◆ **Activity**
Copy the listing in full and exactly, omitting its images.

◆ **Material provided**
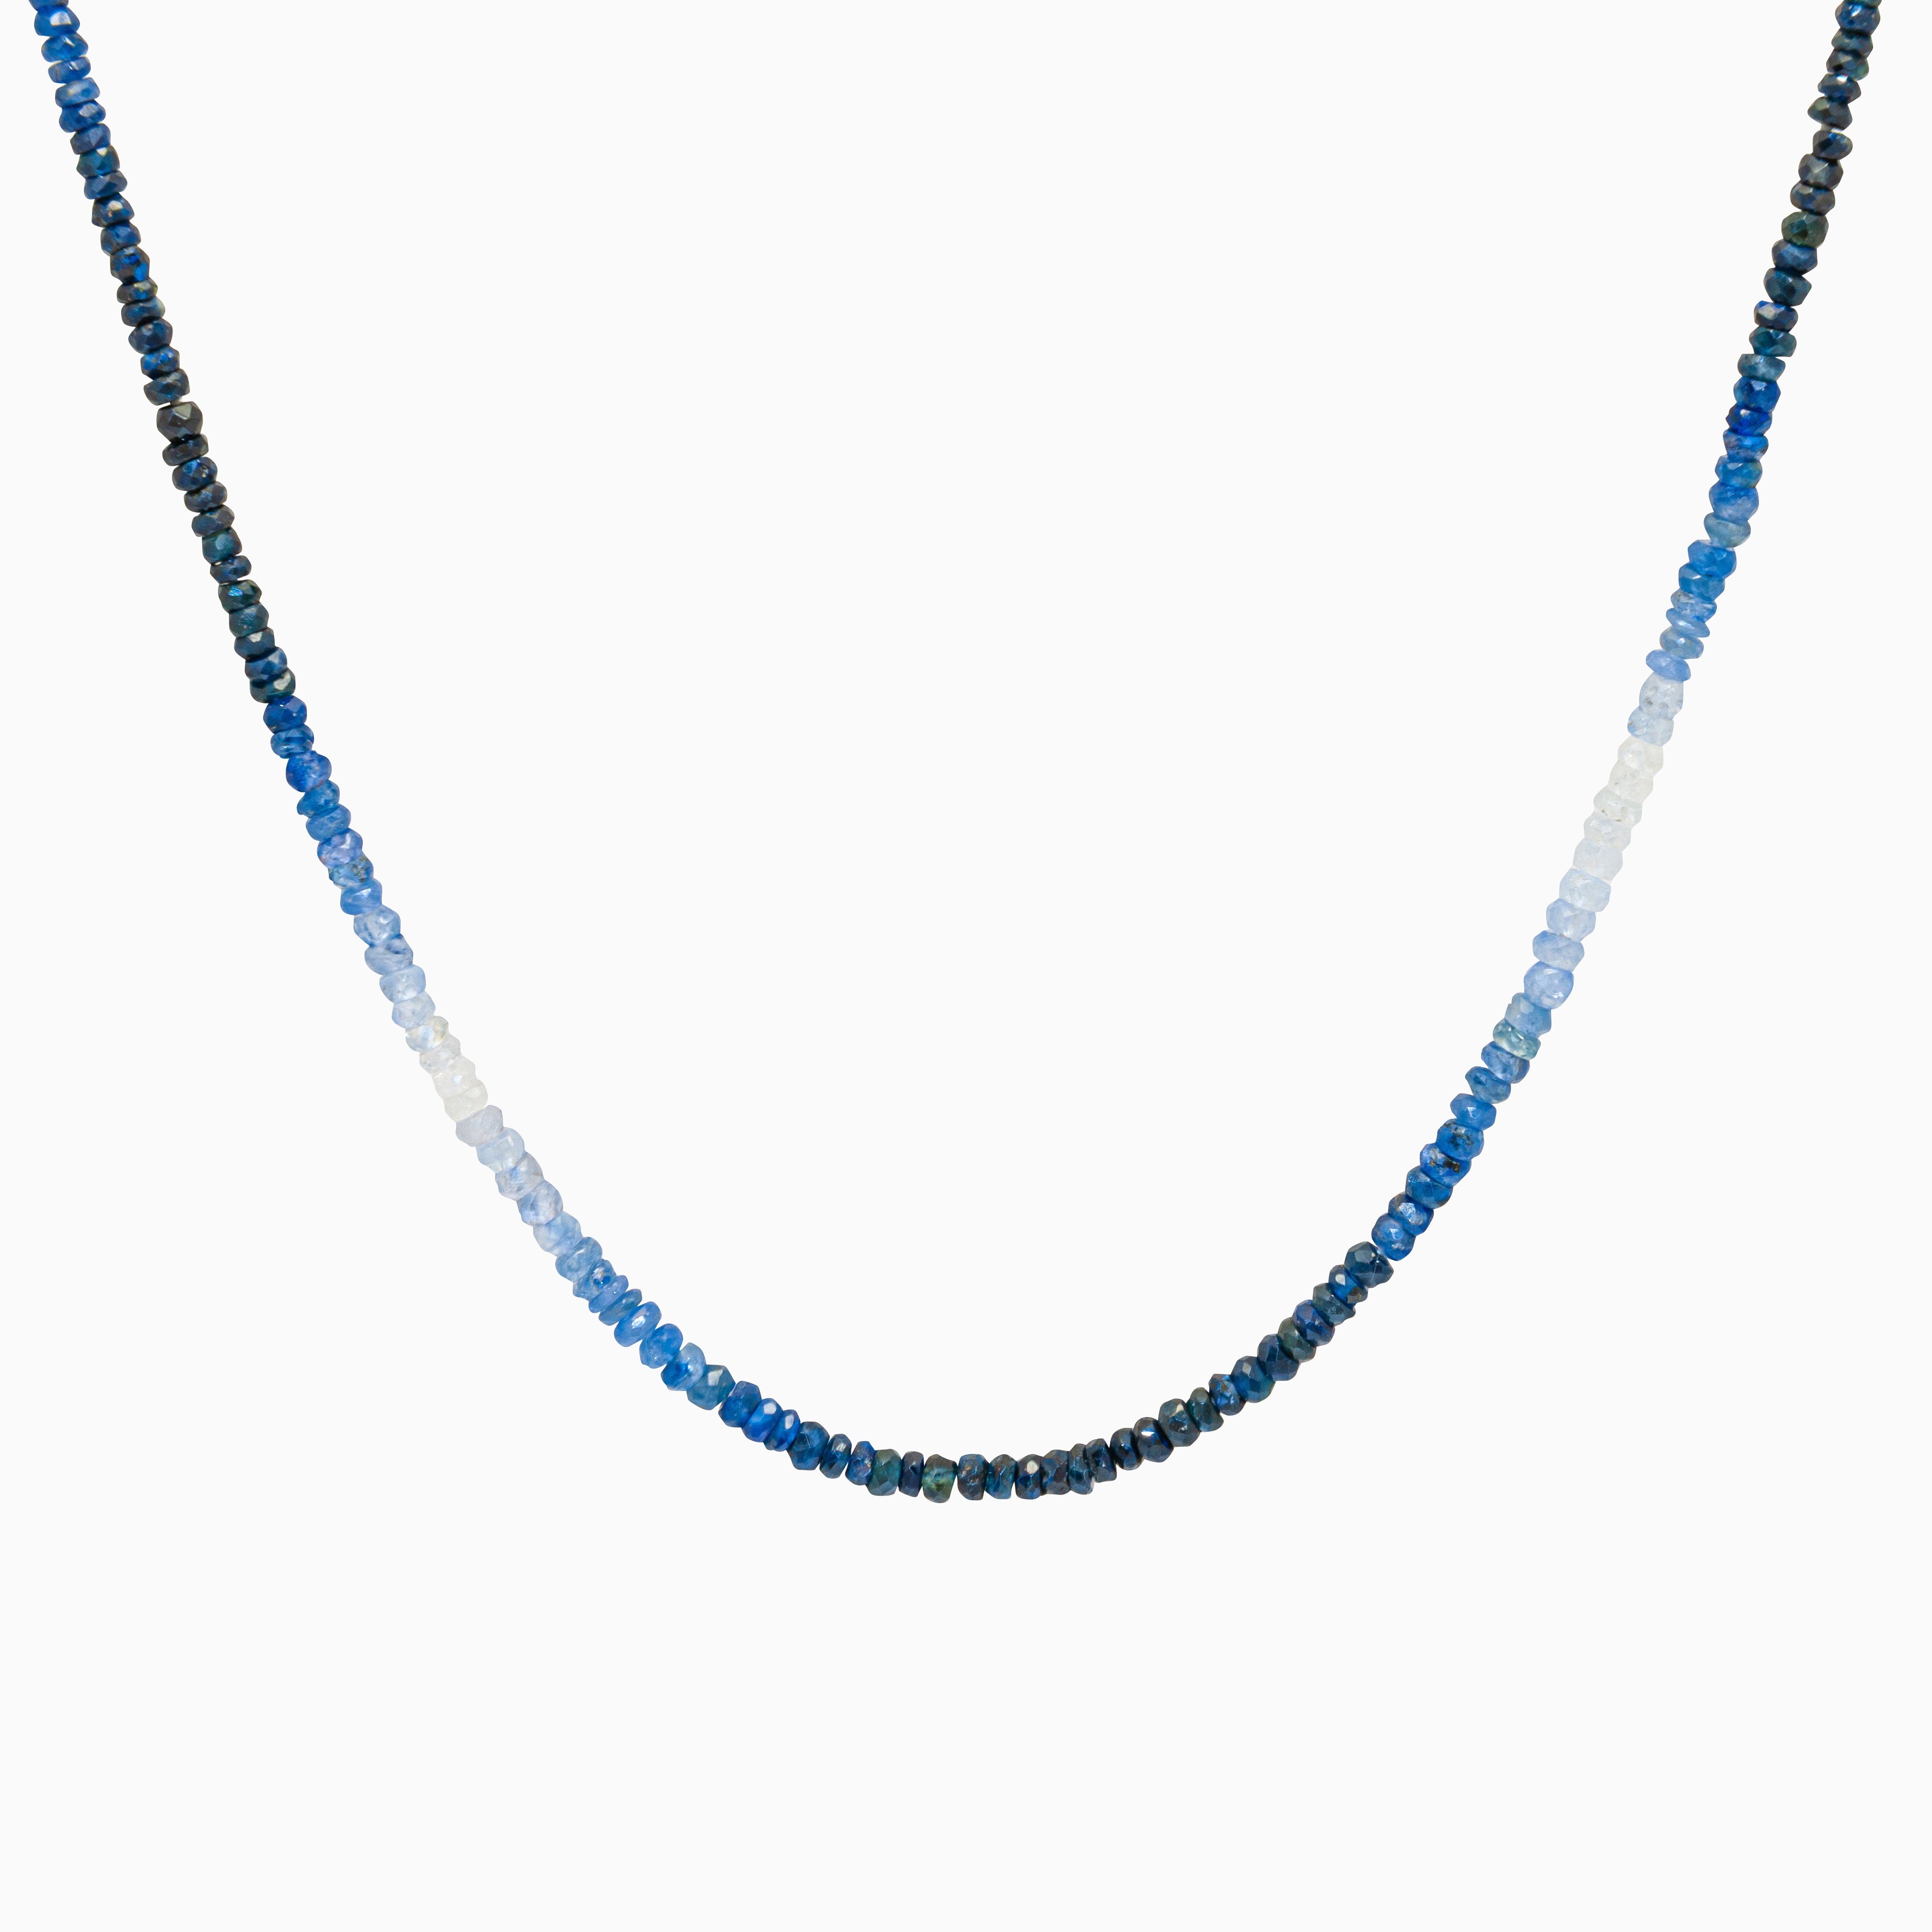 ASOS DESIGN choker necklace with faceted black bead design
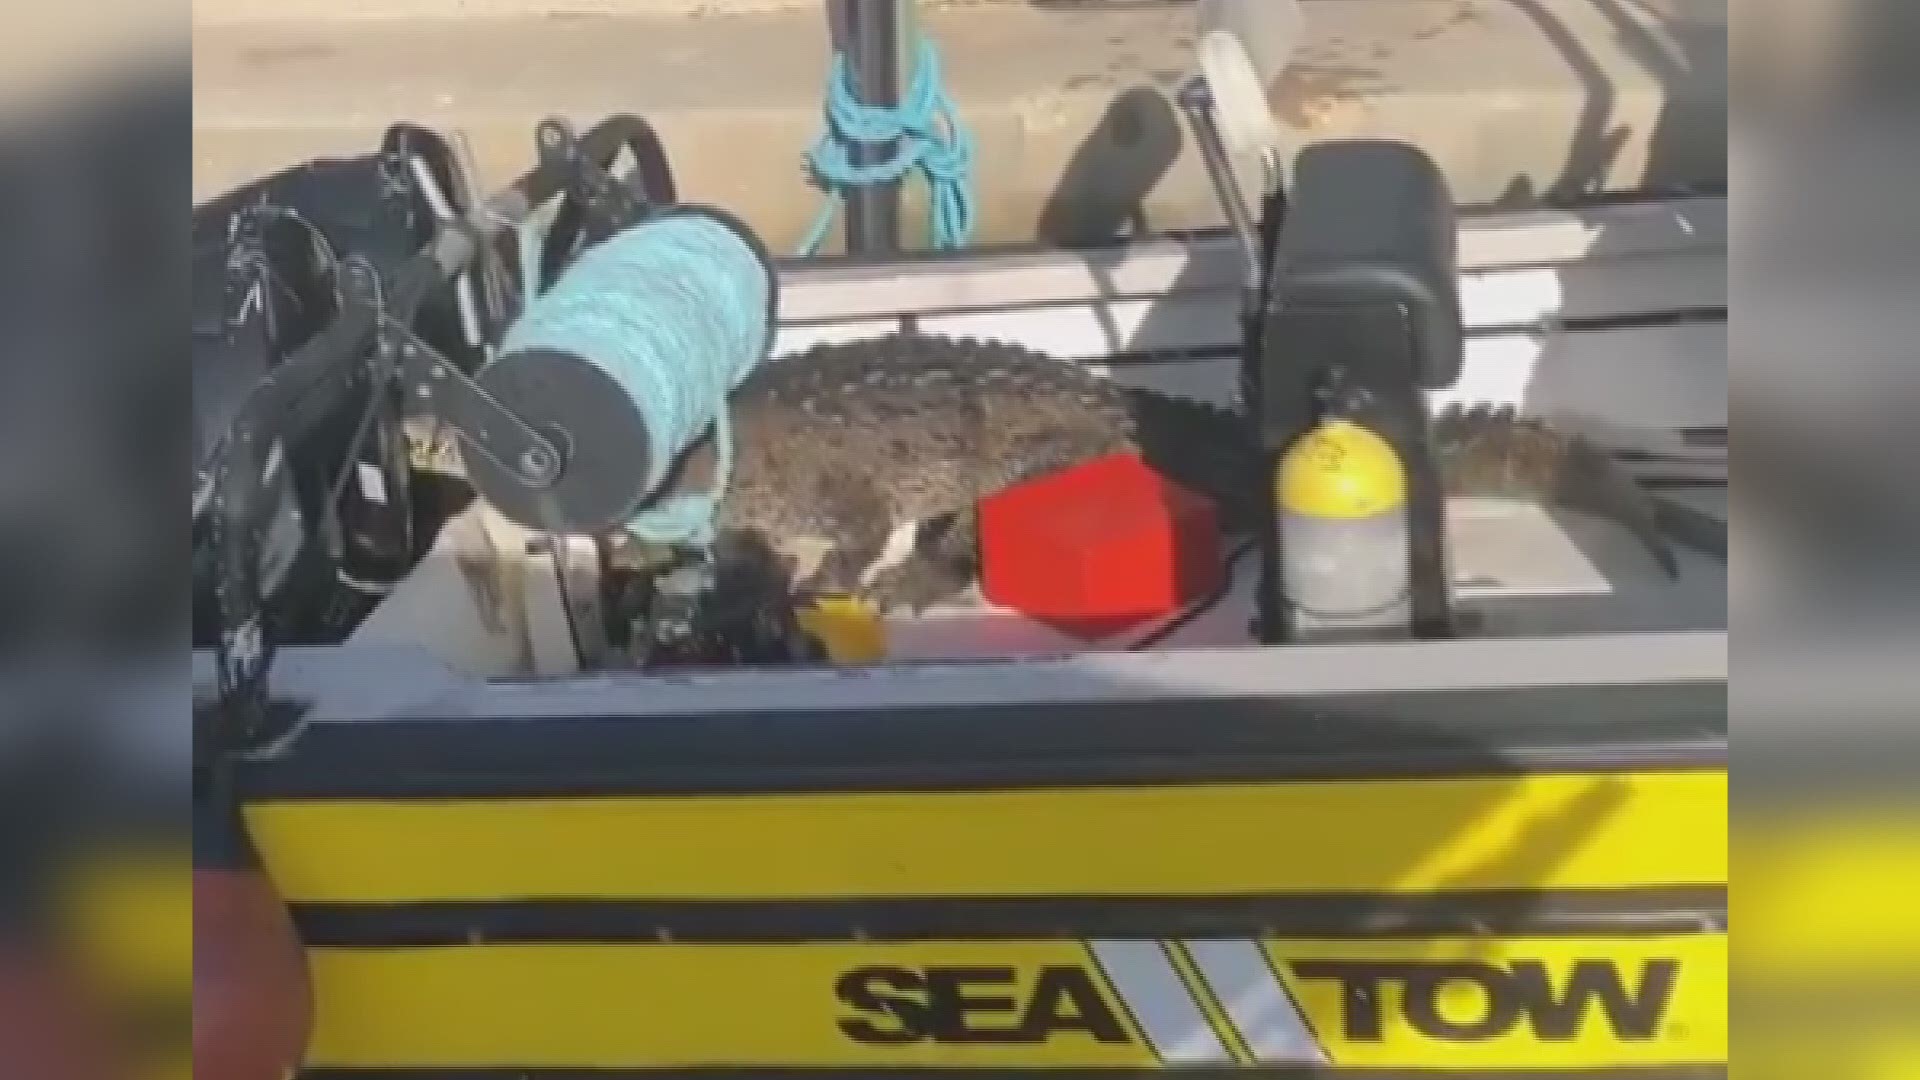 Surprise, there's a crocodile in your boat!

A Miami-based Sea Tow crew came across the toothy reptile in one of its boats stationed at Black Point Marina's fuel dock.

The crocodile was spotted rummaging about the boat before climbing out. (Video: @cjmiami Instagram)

◆ **Reply to the task**
 ASOS DESIGN choker necklace with faceted black bead design
 Surprise, there's a crocodile in your boat!

A Miami-based Sea Tow crew came across the toothy reptile in one of its boats stationed at Black Point Marina's fuel dock.

The crocodile was spotted rummaging about the boat before climbing out. (Video: @cjmiami Instagram)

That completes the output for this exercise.